Input data:
=== Begin Enclosure ===
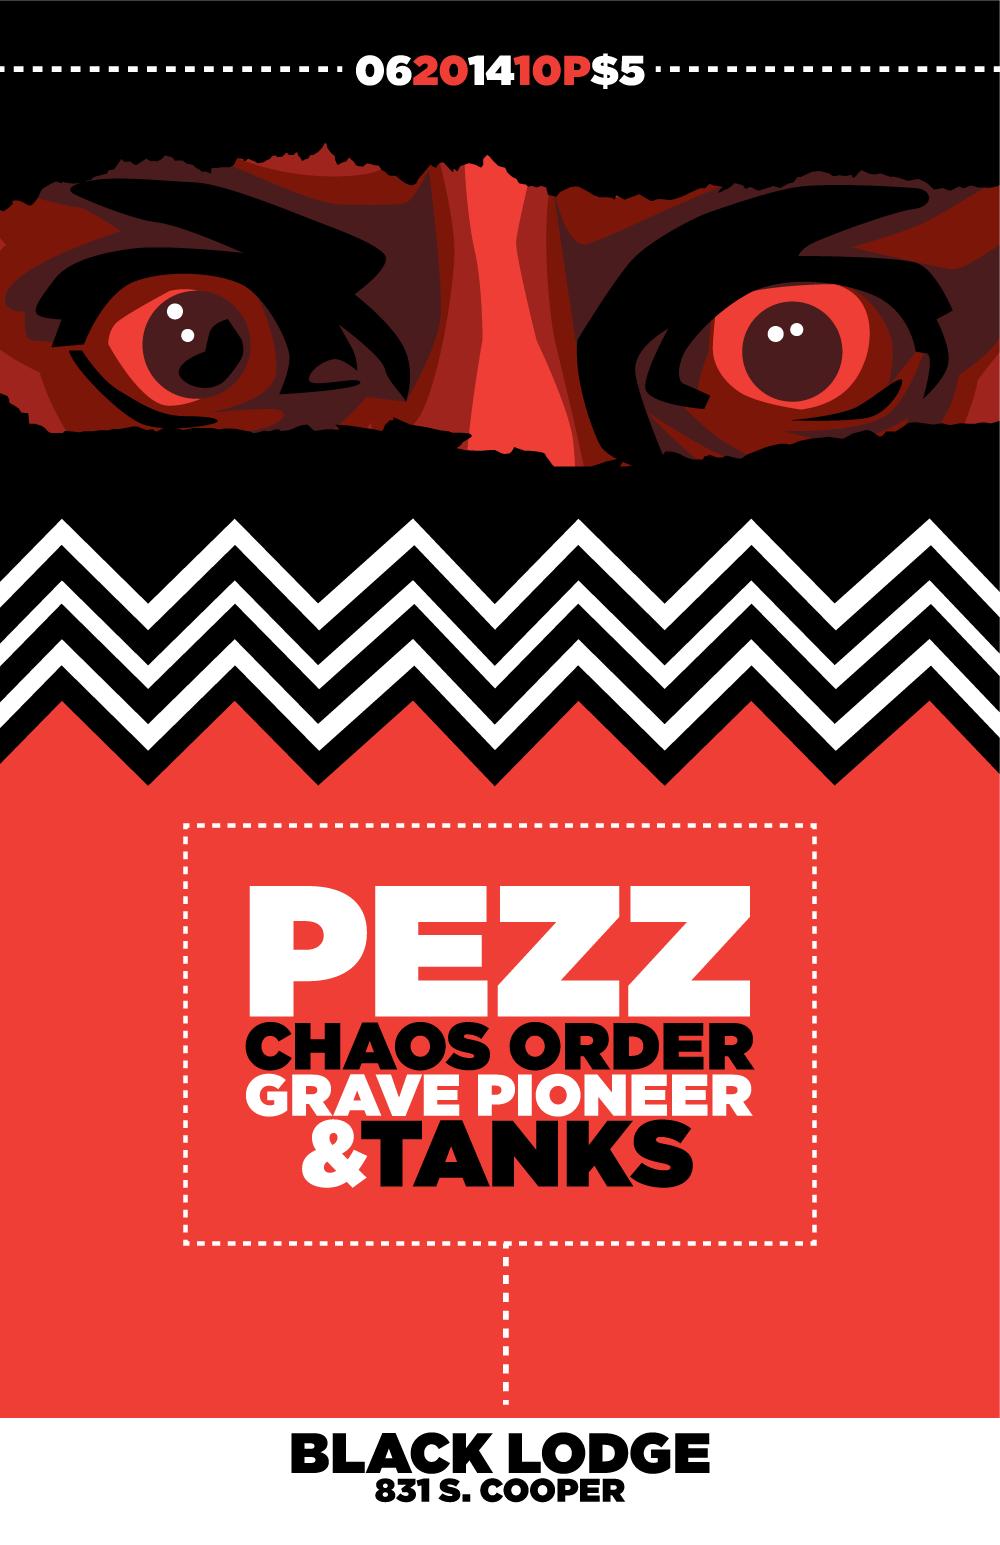 black_lodge_june202014_pezz_tanks-web.png
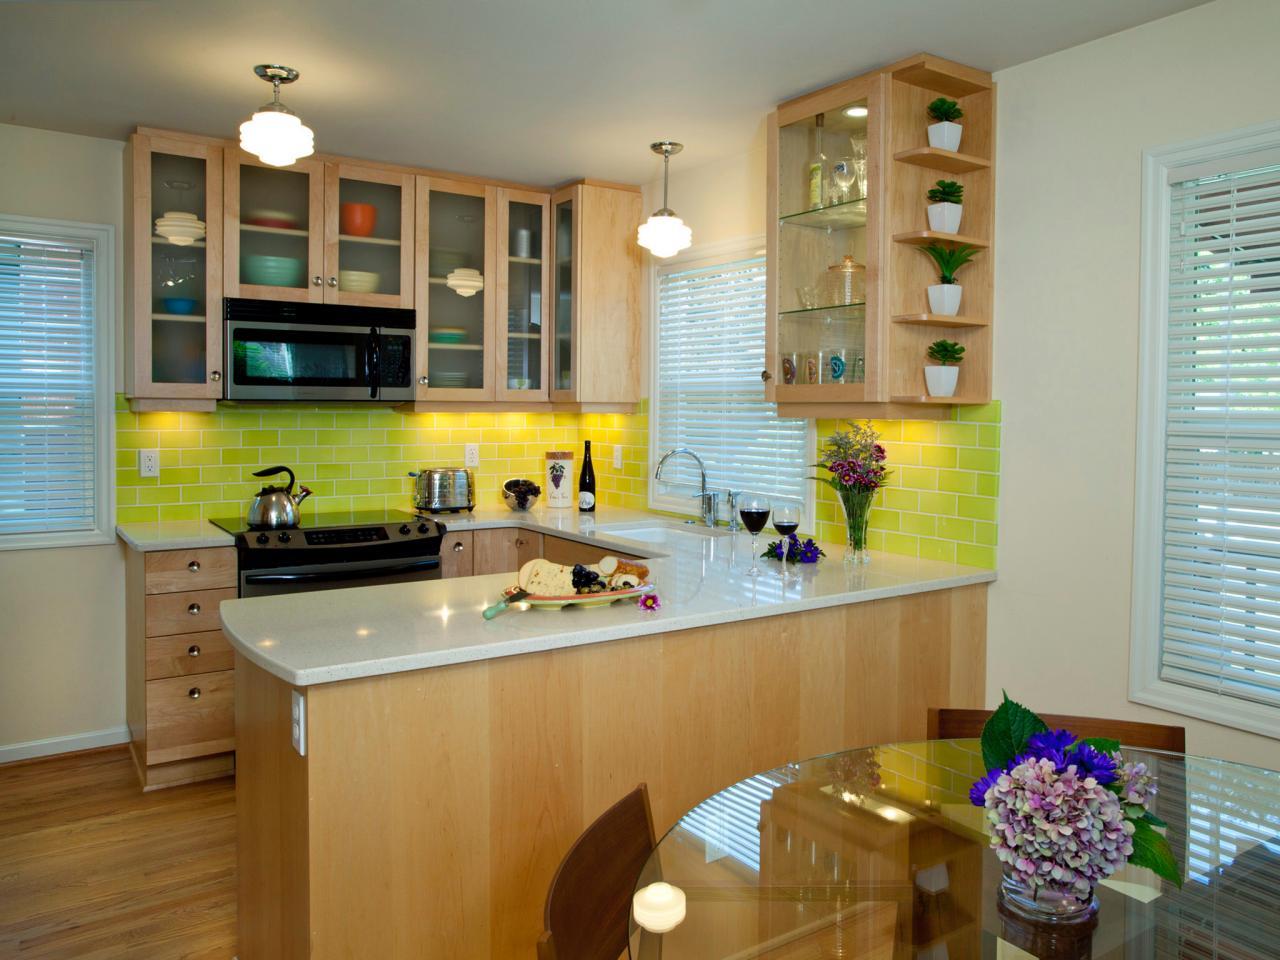 hgtv u shaped kitchen designs photo - 3
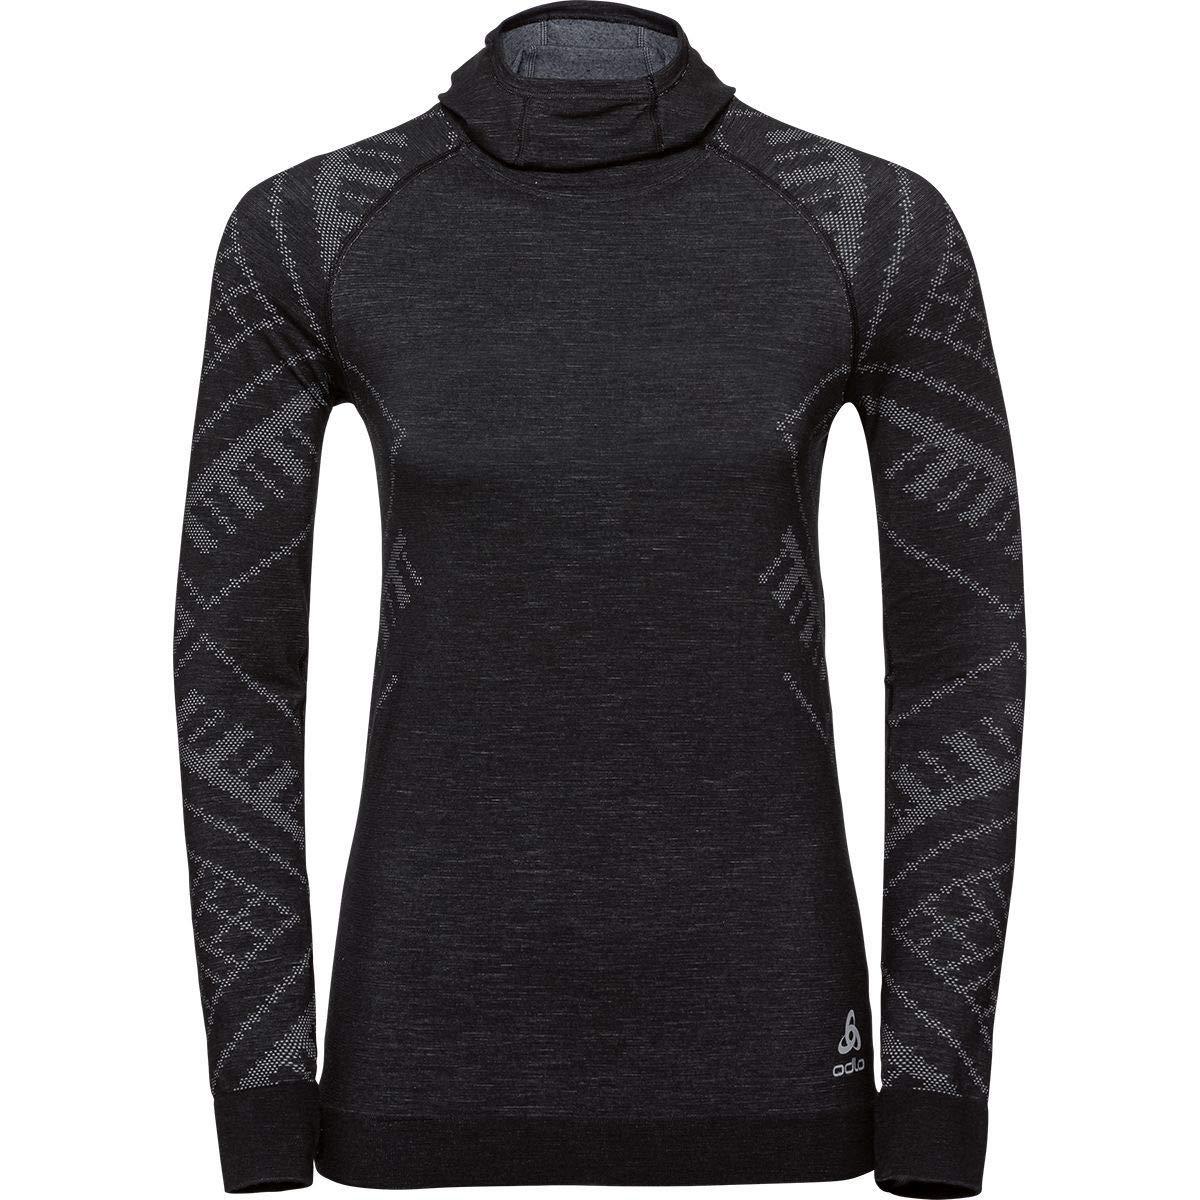 Kinship Warm Shirt ODLO Womens Suw Top with Facemask L//S Natural Womens 110701
=== End Enclosure ===
Exercise: All the lines above must be written out exactly, without a single picture.

The completed task:
 black_lodge_june202014_pezz_tanks-web.png
 hgtv u shaped kitchen designs photo - 3
 Kinship Warm Shirt ODLO Womens Suw Top with Facemask L//S Natural Womens 110701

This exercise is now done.